1981 African Youth Championship

Tournament details
- Dates: 8 June 1980 – 24 April 1981
- Teams: 14 (from 1 confederation)

Final positions
- Champions: Egypt (1st title)
- Runners-up: Cameroon
- Third place: Nigeria
- Fourth place: Algeria

Tournament statistics
- Matches played: 10
- Goals scored: 49 (4.9 per match)

= 1981 African Youth Championship =

3rd African youth football qualification tournament

The 1981 African Youth Championship was the 3rd edition of the biennial African qualification tournament for the FIFA World Youth Championship which was contested on a home-and-away two-legged basis.

Egypt beat Cameroon 3–1 on aggregate in the final to claim their inaugural title, although both teams qualified for the 1981 FIFA World Youth Championship in Australia.

==Teams==
The following teams entered this edition of the tournament and played at least a match:

- Equatorial Guinea
- Zimbabwe

==Preliminary round==
The first leg was played on 8 June and the second leg was held on 22 June 1980. The winners advanced to the first round.

The teams who received byes to the first round are Guinea, Cameroon, Tunisia, Morocco, Ethiopia, Mauritania, Algeria, Nigeria, Ivory Coast, Egypt, Uganda, the Central African Republic and Kenya.

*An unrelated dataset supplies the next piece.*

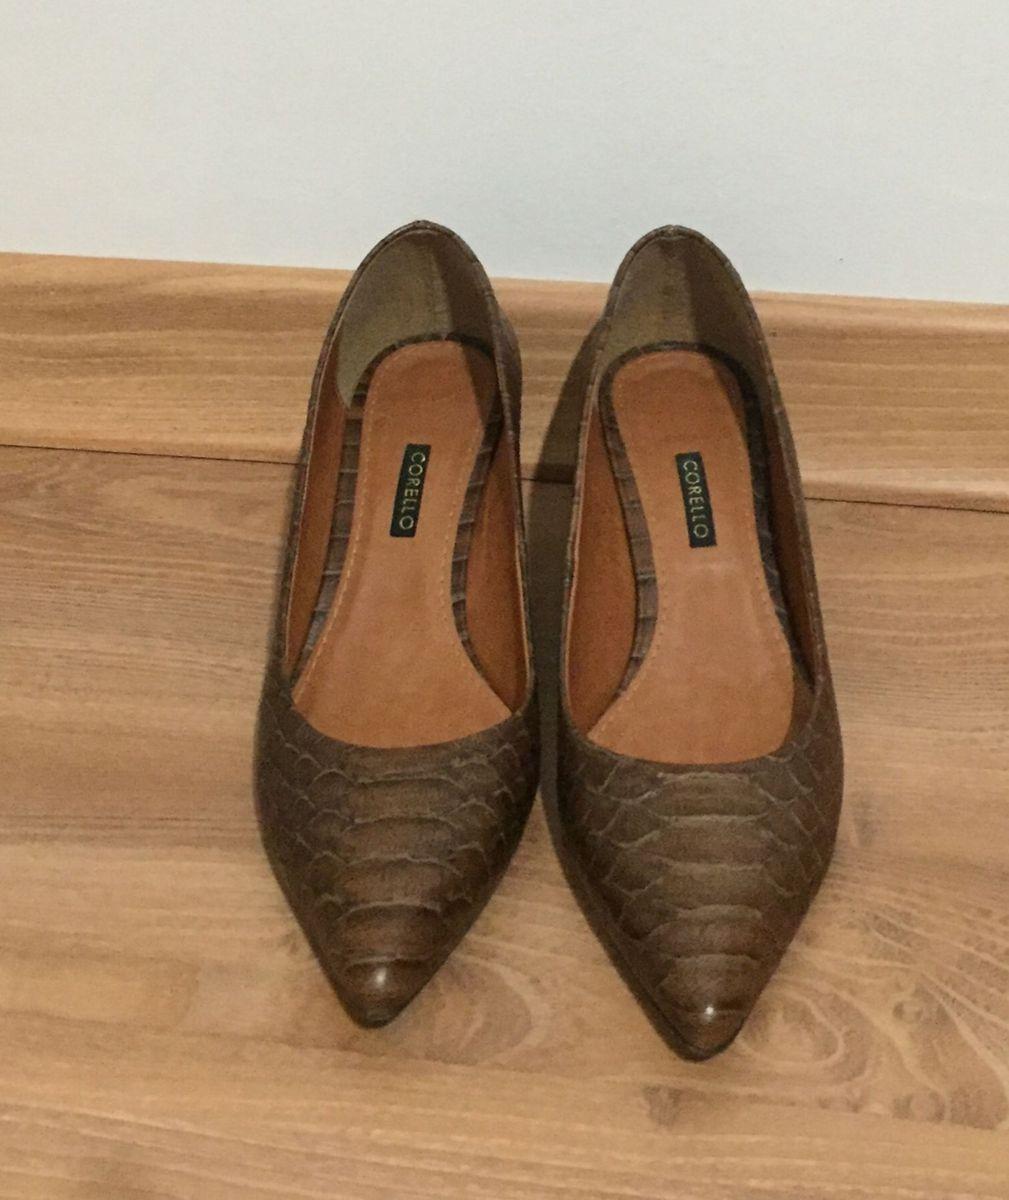 48ba7e8399 scarpin corello - sapatos corello.  Czm6ly9wag90b3muzw5qb2vplmnvbs5ici9wcm9kdwn0cy8zntk5mdivmdllyjq0yzy3ztewzmy1ytayntcwmwnkzde0zwq3yjguanbn  ...
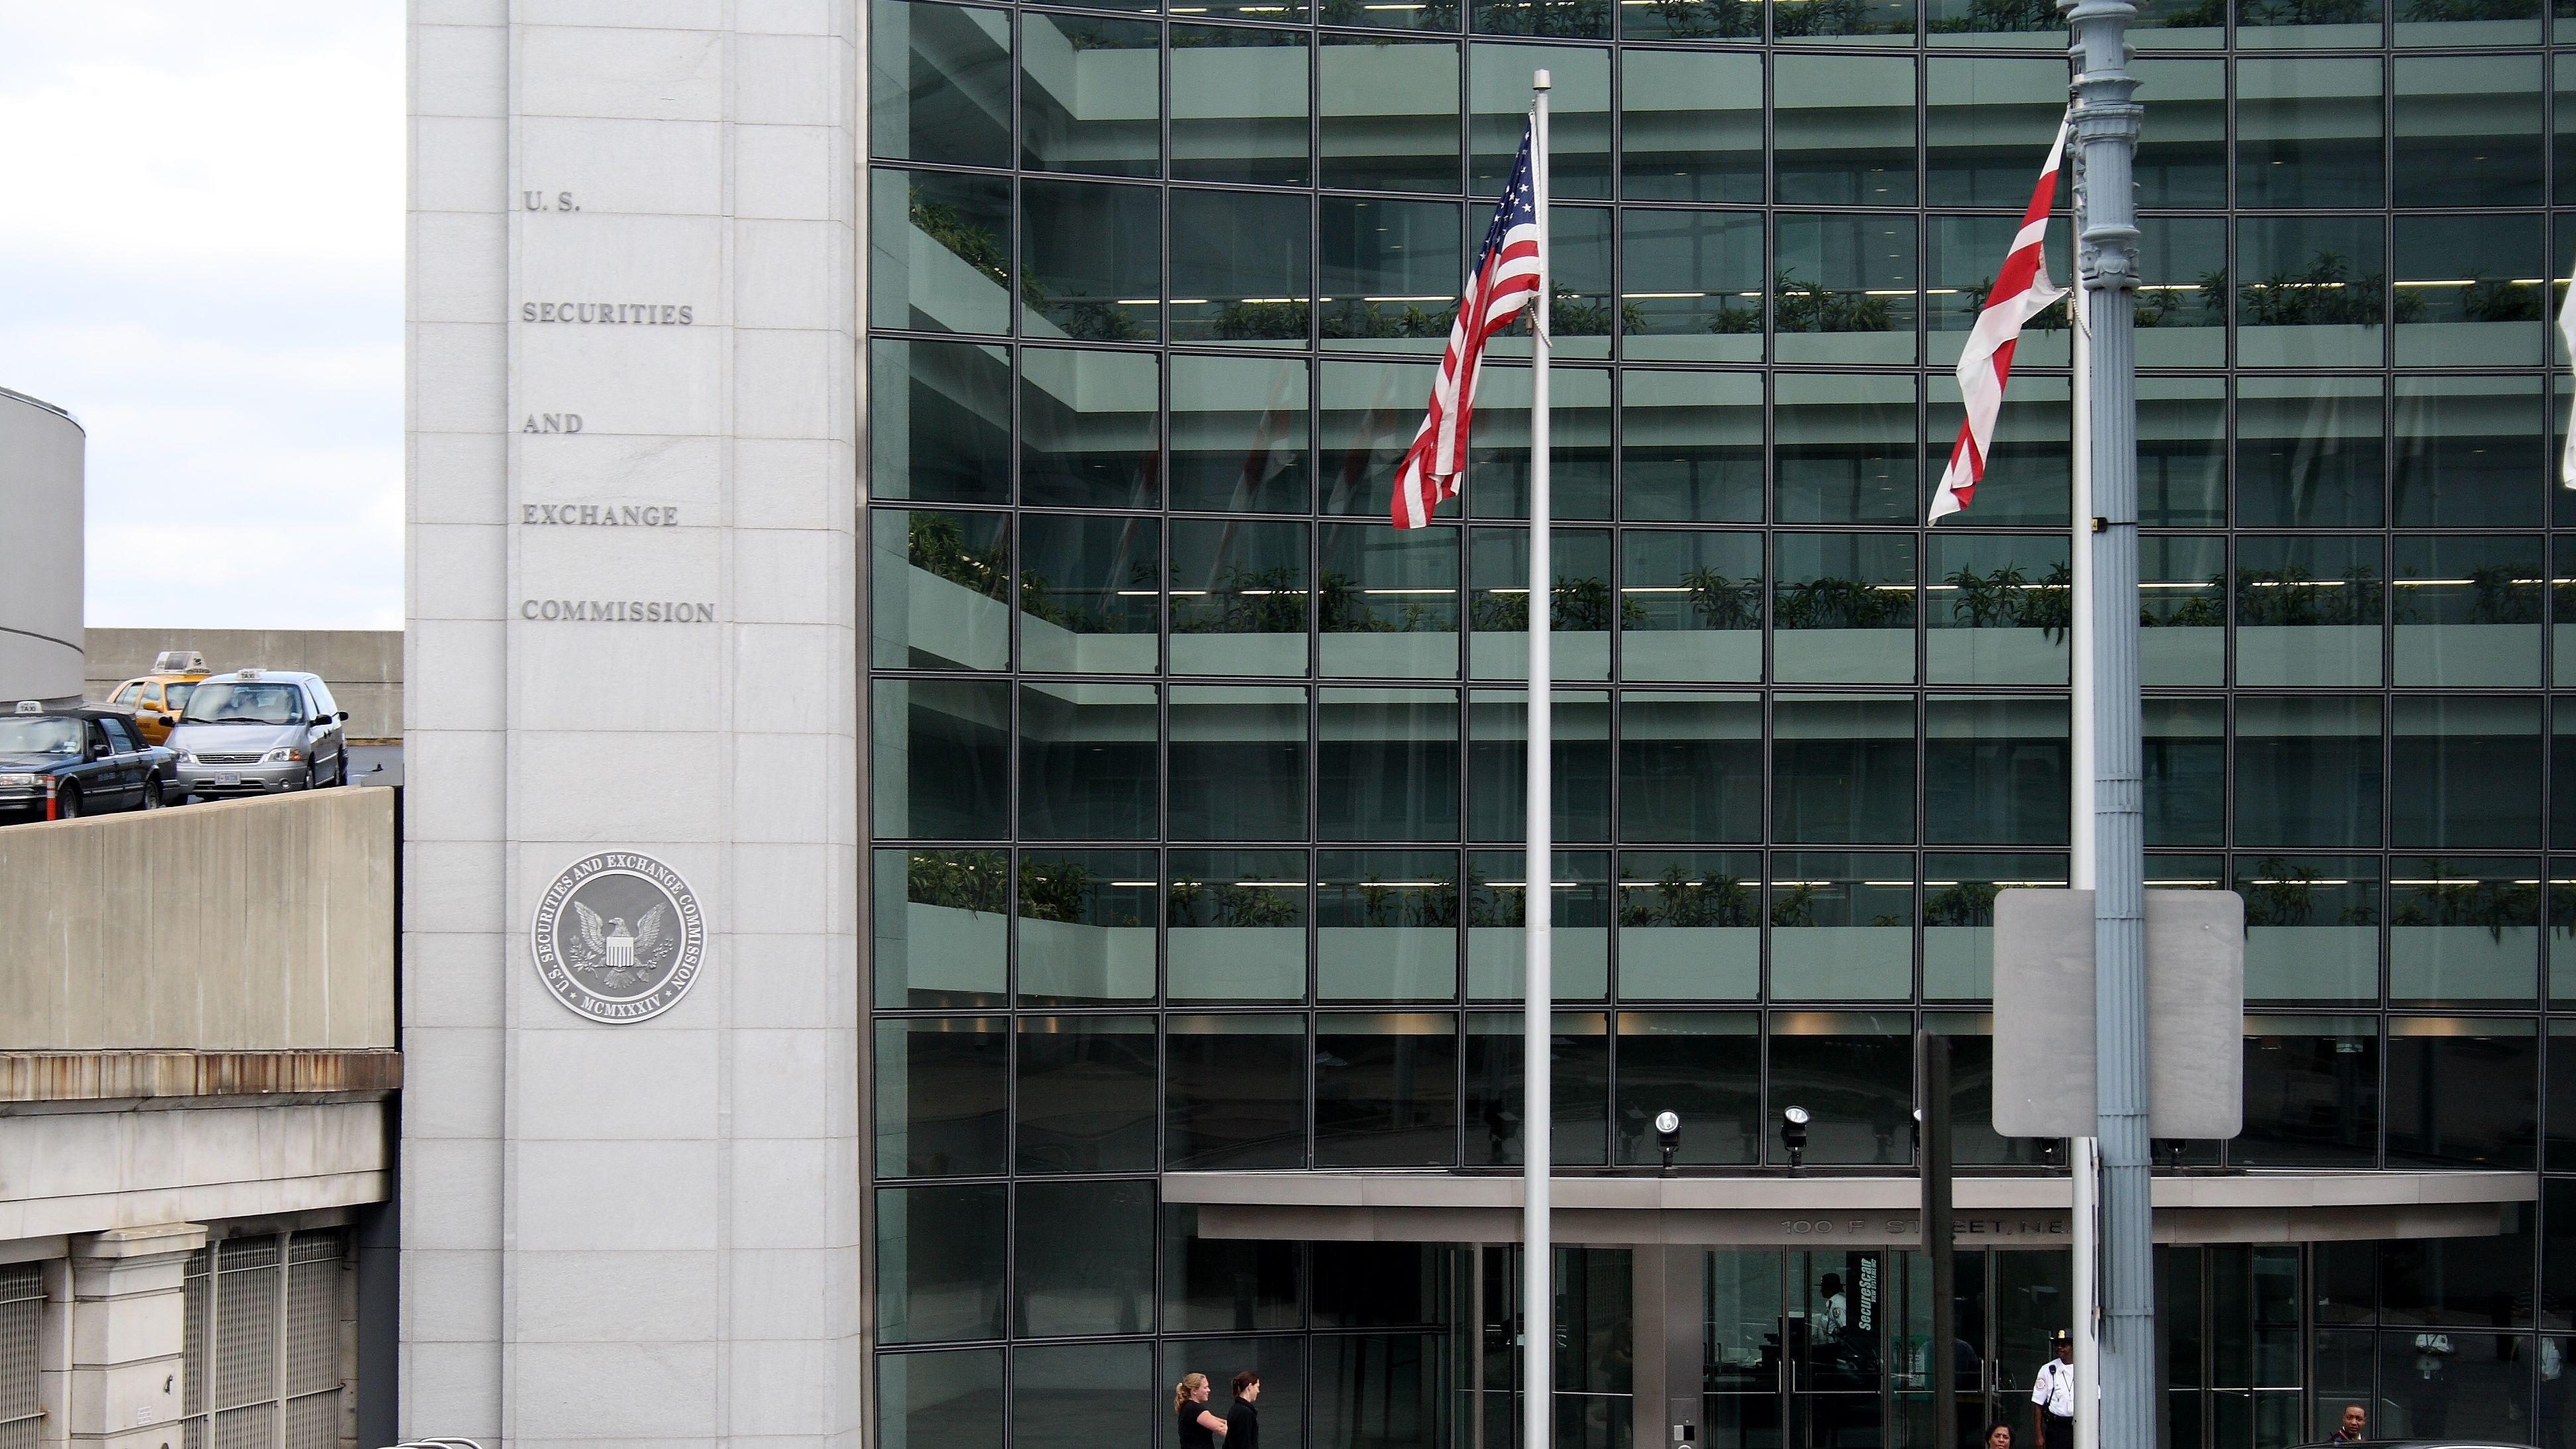 ICOは終わらない 「再発明」で合法化狙う 起業家たち

^{1} Malawi and Benin withdrew.

| Team 1 | Agg.Tooltip Aggregate score | Team 2 | 1st leg | 2nd leg |
|---|---|---|---|---|
| Equatorial Guinea | 4–3 | Gabon | 2–0 | 2–3 |
| Togo | w/o ^{1} | Benin |  |  |
| Zimbabwe | w/o ^{1} | Malawi |  |  |

==First round==

^{1} Ivory Coast, Uganda and Kenya withdrew.

| Team 1 | Agg.Tooltip Aggregate score | Team 2 | 1st leg | 2nd leg |
|---|---|---|---|---|
| Guinea | 2–2 (a) | Equatorial Guinea | 2–1 | 0–1 |
| Cameroon | 5–1 | Togo | 3–0 | 2–1 |
| Tunisia | 1–1 (6–5 pen.) | Morocco | 0–1 | 1–0 (a.e.t.) |
| Zimbabwe | 2–1 | Ethiopia | 0–0 | 2–1 |
| Mauritania | 1–6 | Algeria | 1–3 | 0–3 |
| Nigeria | w/o ^{1} | Ivory Coast |  |  |
| Egypt | w/o ^{1} | Uganda |  |  |
| Central African Republic | w/o ^{1} | Kenya |  |  |

==Second round==

^{1} Civil unrest and political turmoil in the Central African Republic forced their team to withdraw after the first leg: the second leg was scratched and Algeria advanced to the semi-finals.

| Team 1 | Agg.Tooltip Aggregate score | Team 2 | 1st leg | 2nd leg |
|---|---|---|---|---|
| Cameroon | 3–1 | Equatorial Guinea | 3–0 | 0–1 |
| Nigeria | 5–4 | Tunisia | 4–0 | 1–4 |
| Zimbabwe | 1–3 | Egypt | 1–1 | 0–2 |
| Central African Republic | w/o ^{1} | Algeria | 4–1 | n/p |

==Semi-finals==

^{1} Algeria withdrew.

| Team 1 | Agg.Tooltip Aggregate score | Team 2 | 1st leg | 2nd leg |
|---|---|---|---|---|
| Nigeria | 2–4 | Cameroon | 2–3 | 0–1 |
| Algeria | w/o^{1} | Egypt |  |  |

==Final==
The first leg was played on 12 April and the second leg on 24 April 1981.

| Team 1 | Agg.Tooltip Aggregate score | Team 2 | 1st leg | 2nd leg |
|---|---|---|---|---|
| Cameroon | 1–3 | Egypt | 1–1 | 0–2 |

| 1981 African Youth Championship winners |
|---|
| Egypt First/Inaugural title |

==Qualification to the World Youth Championship==
The two best performing teams qualified for the 1981 FIFA World Youth Championship.